October 21, 2003

No Right Answer

There's no right answer when it comes to people. I've realized that today.

Most of the time I want to do what is right, I want to do what is right by other people and I want as many people as possible to be happy with me. I relate to the character in The Recruit only because I am like him... eager to please.
Being this way, I get really frustrated at times. Sometimes people just don't want to be pleased. Sometimes there is no right answer and no right response.
I don't really feel like deciding, right now, to live my life trying to pursue my own happiness and trying to meet my own selfish desires. I'd like to be a positive force in the lives of others, but I've gotta realize that I will meet frustration along the way. I'd like to live a life that makes God happy, because making myself happy is fleeting, making others happy is fruitless and impossible, and nearly all accomplishments are short lived.

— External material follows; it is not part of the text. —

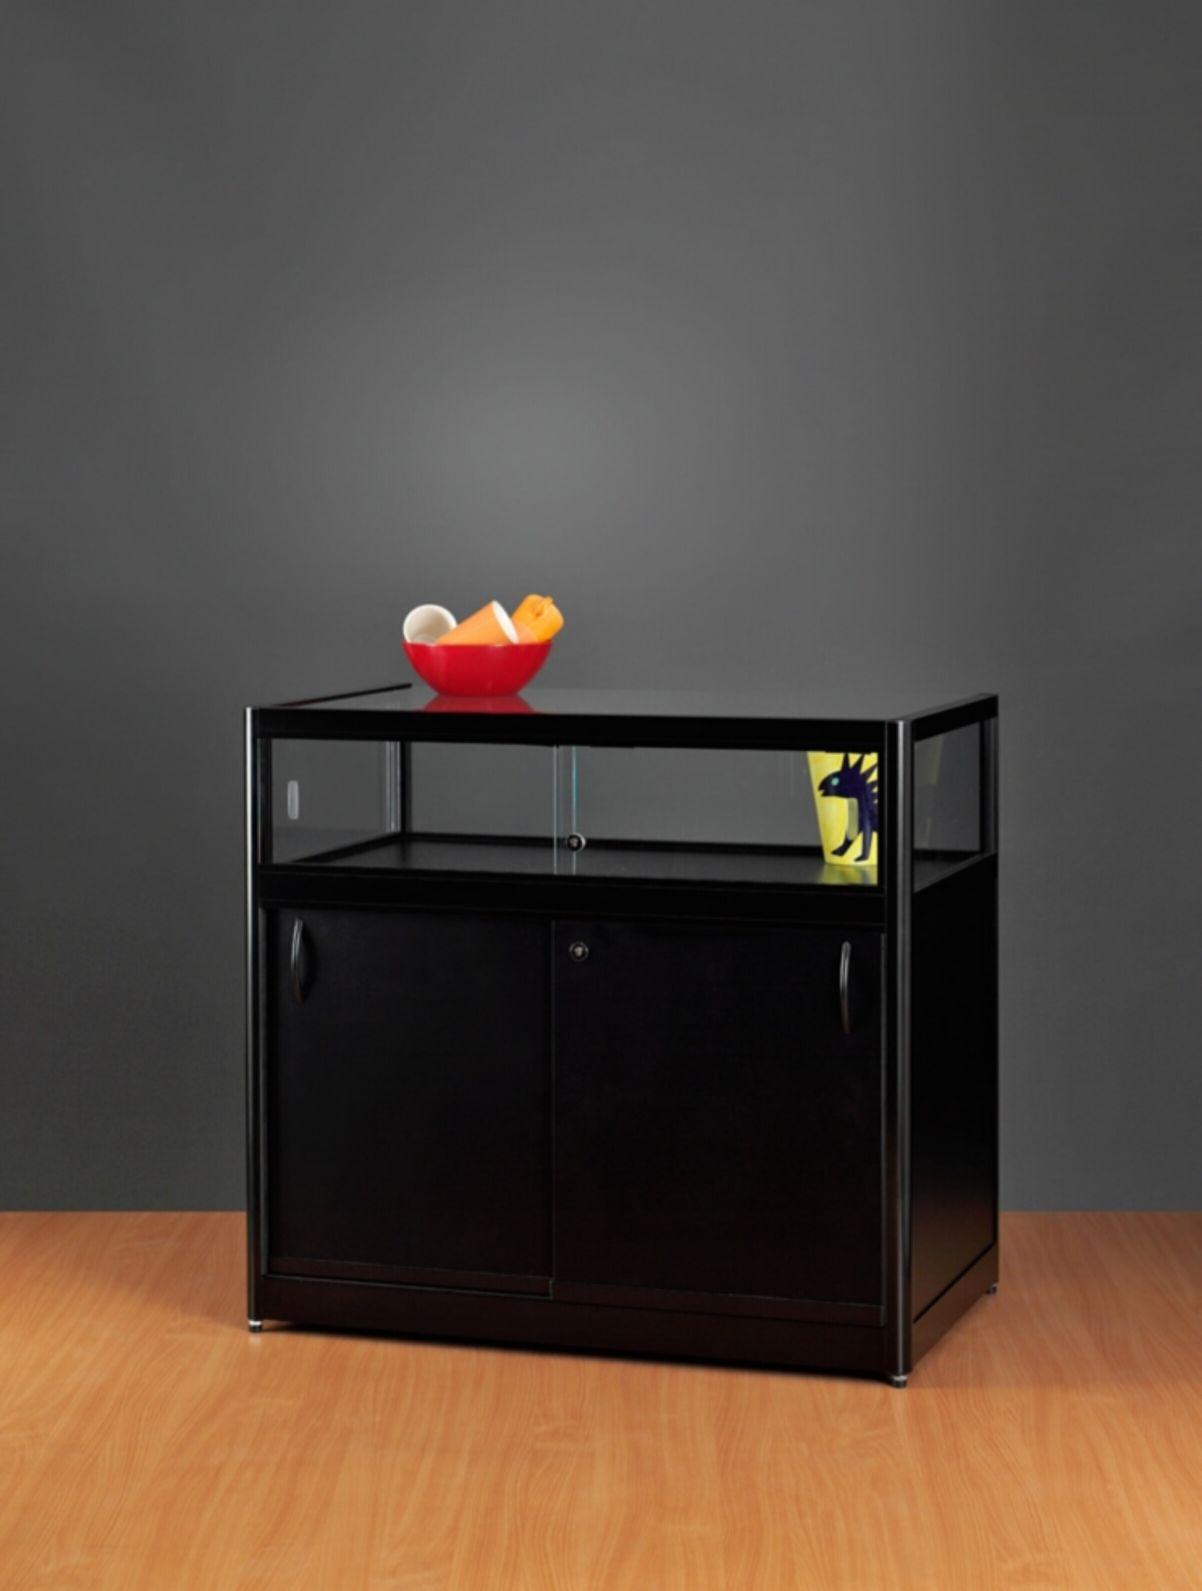 nl tv 100 unterschrank schwarz tischvitrine mit unterschrank schwarz stilnet vitrinen. Black Bedroom Furniture Sets. Home Design Ideas

Sometimes losing is the only way to win.
I guess I really should give up on trying to have smooth, pleasant relationships with people, and at the same time give up on trying to change anyone but my self. Jesus taught humility, and asks us to follow Him. Islam means submission. Buddhism, to me, is about submitting your identity and your self completely for enlightenment. Confucius said, "Do not be concerned about others not appreciating you. Be concerned about your failure to appreciate others."

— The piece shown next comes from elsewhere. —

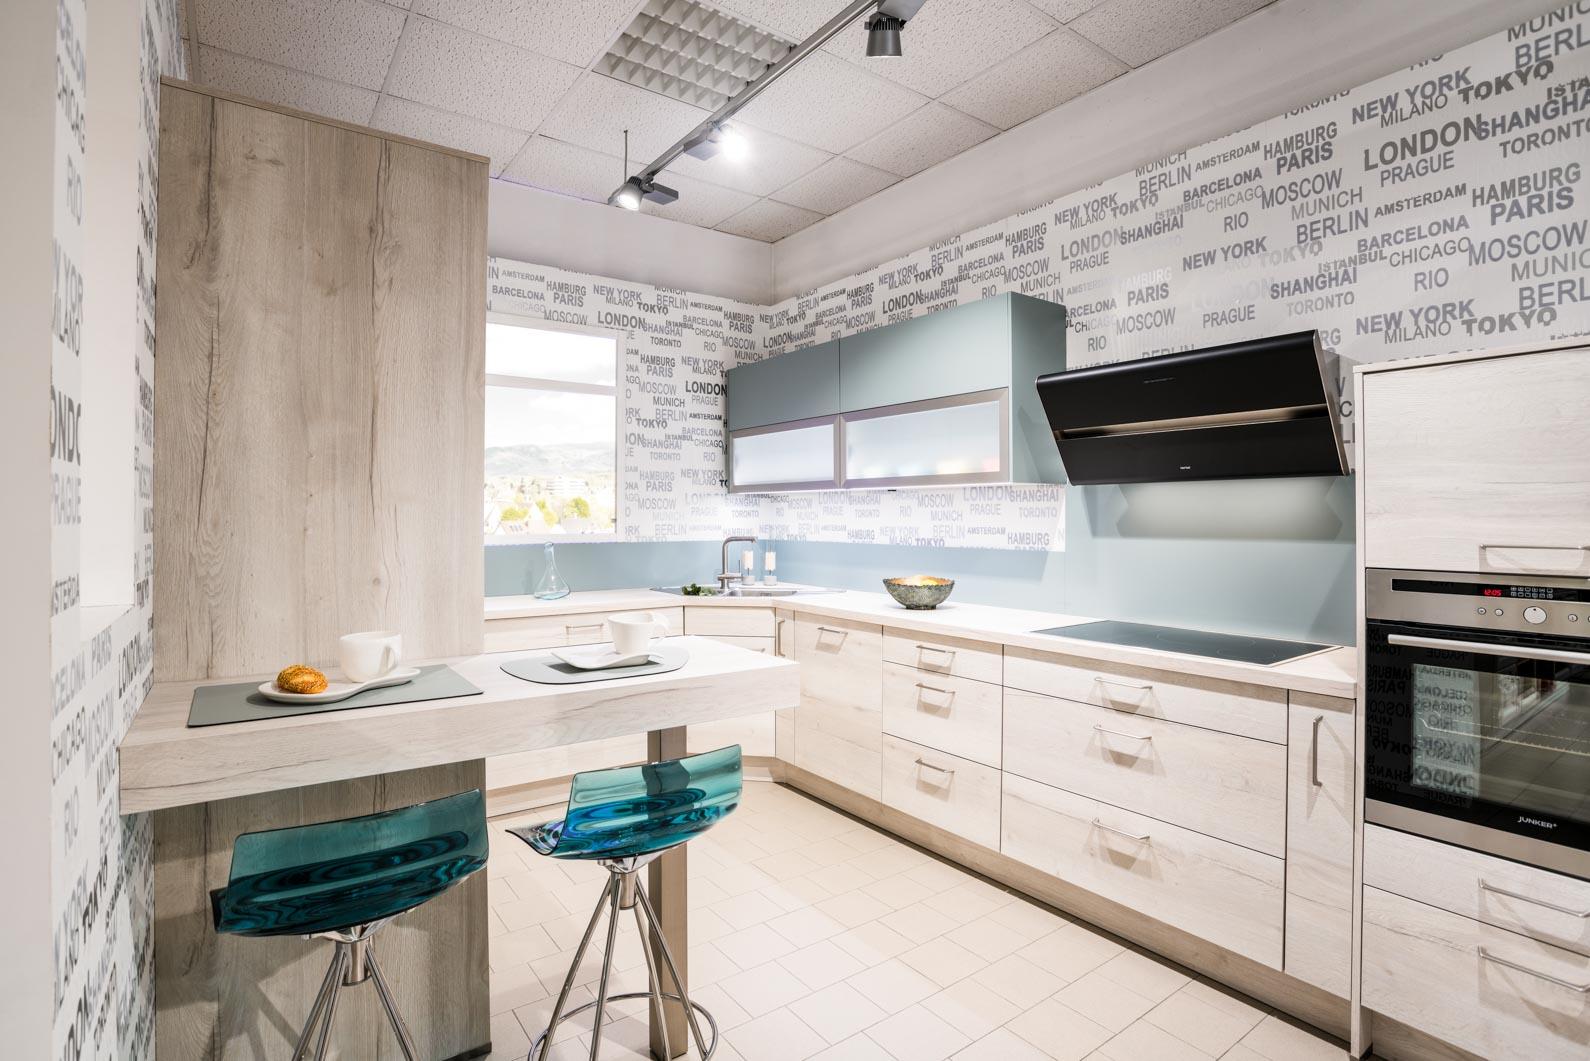 Weisser Küchenstudio Showroom Eckküche mit hellen Fronten

I'd like to be able to give up my self, not concern myself with matters relating to me and submit completely, but I do not know if I will succeed in all of this.
I suppose this all sounds very depressing, but it doesn't have to be that way. I think of this as inspiring in a way. Hopefully, I will finally have a path that I feel comfortable with (Once again I realize that I am wanting the "right" path. I need to realize that I can choose a path that is right, but not necessarily the "right" path. Path righteousness is not definitive nor is it singular.)
I don't feel that I decide that the path I am leading is right, but I do decide which path is right for me.